Dataset extract:
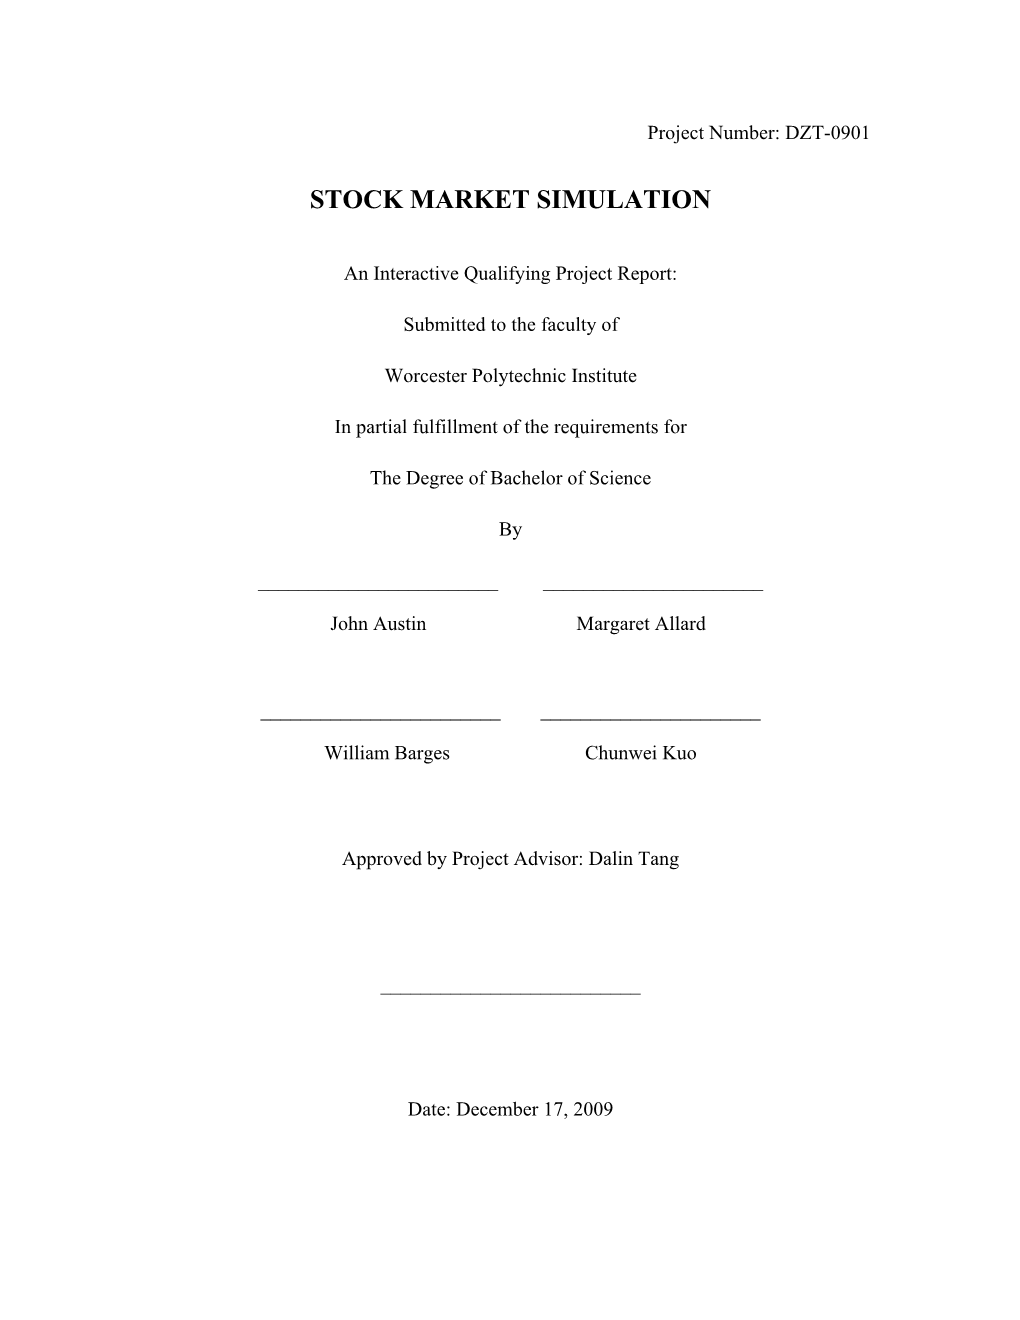 Stock Market Simulation
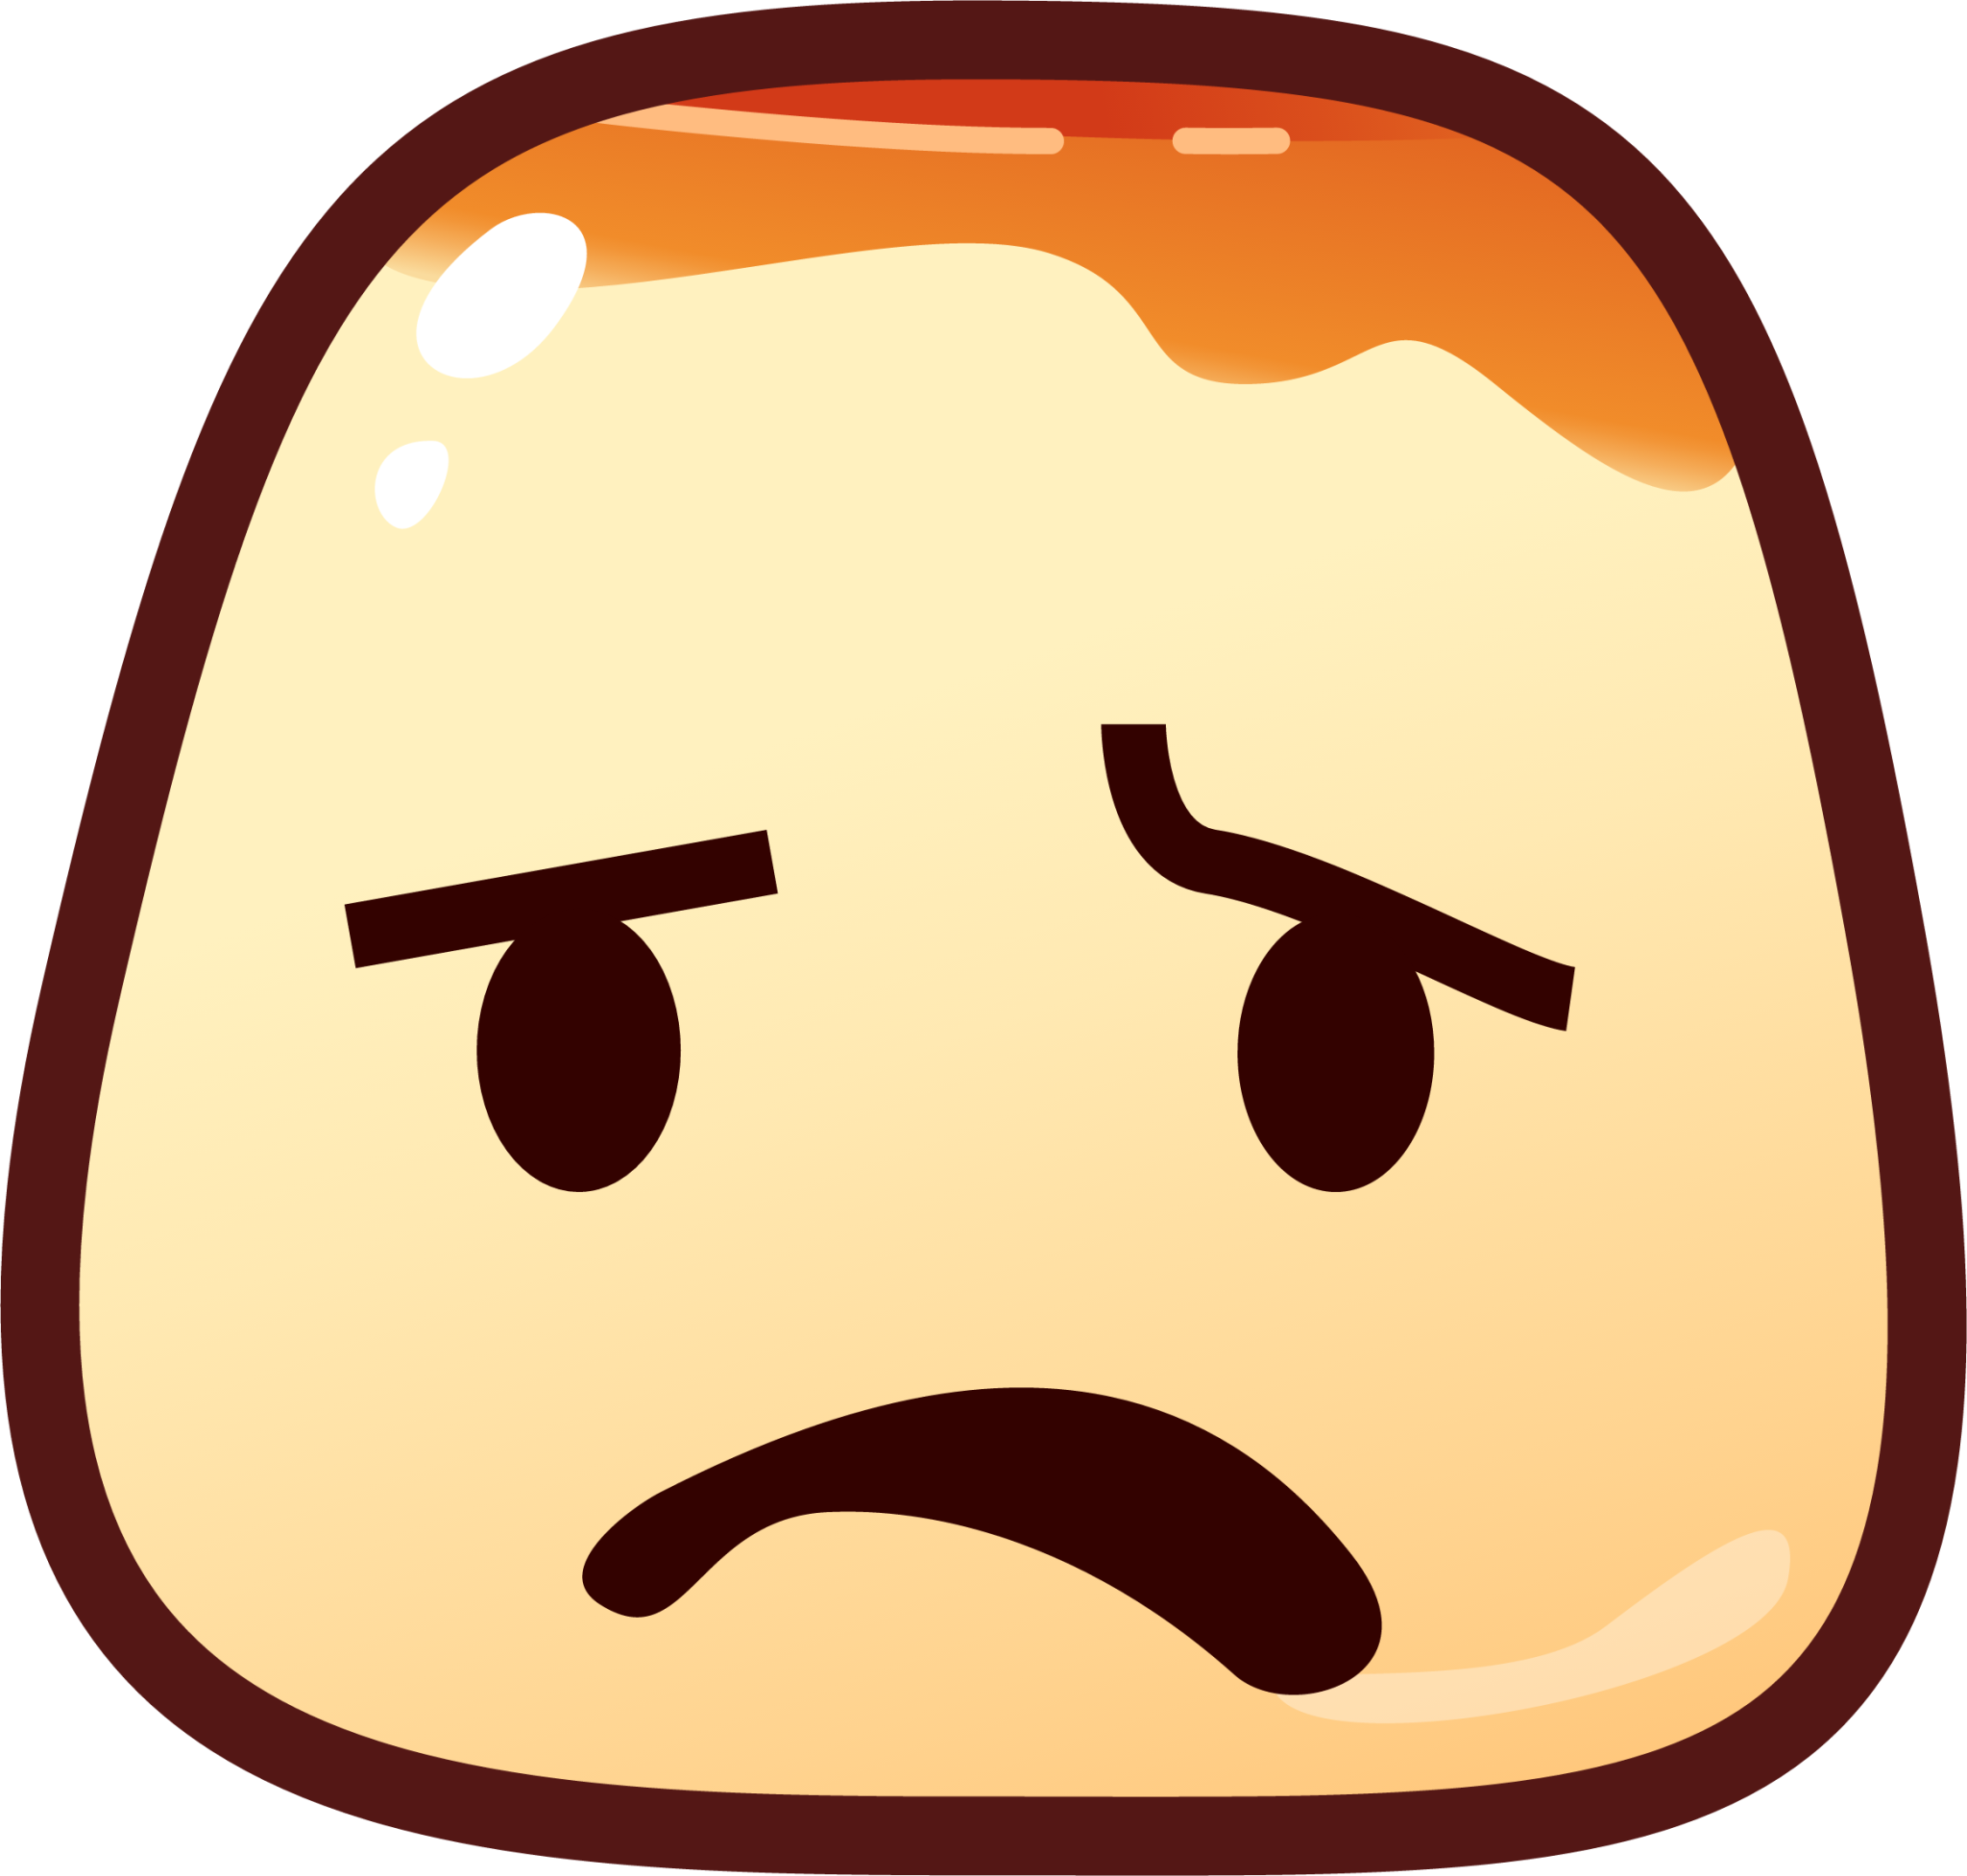 anguished (pudding) emoji
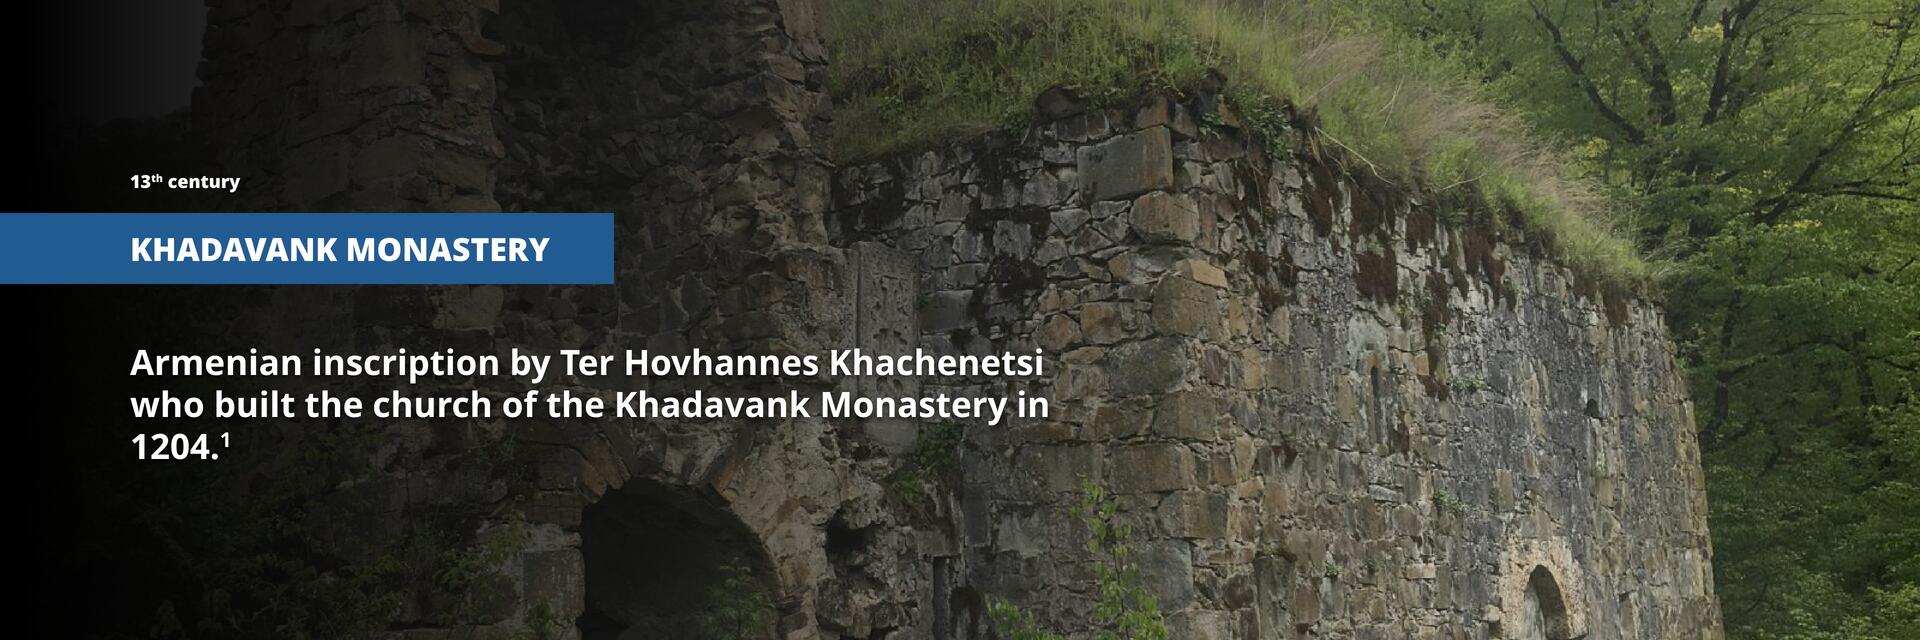 Khadavank Monastery
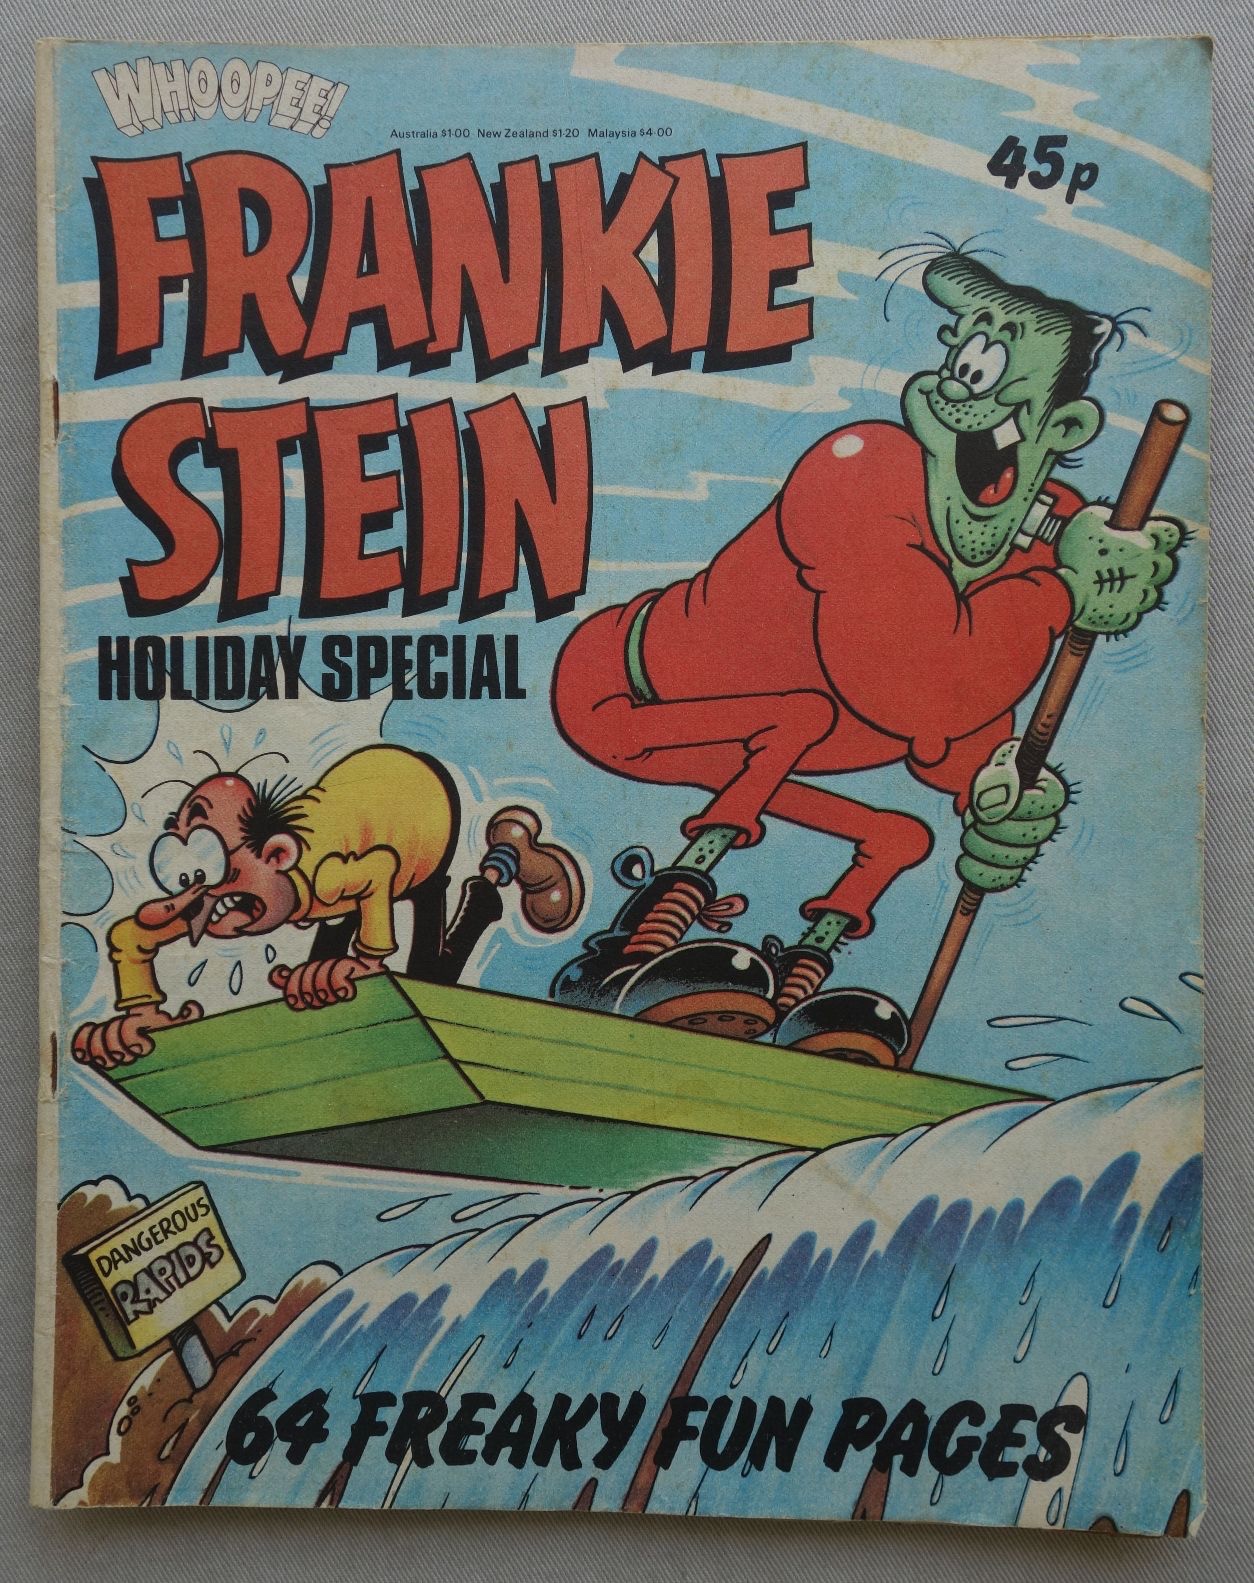 Frankie Stein Holiday Special 1981

Assignment:
Output all the data, exactly, without images.

Worked solution:
 Stock Market Simulation
 anguished (pudding) emoji
 Khadavank Monastery
 Frankie Stein Holiday Special 1981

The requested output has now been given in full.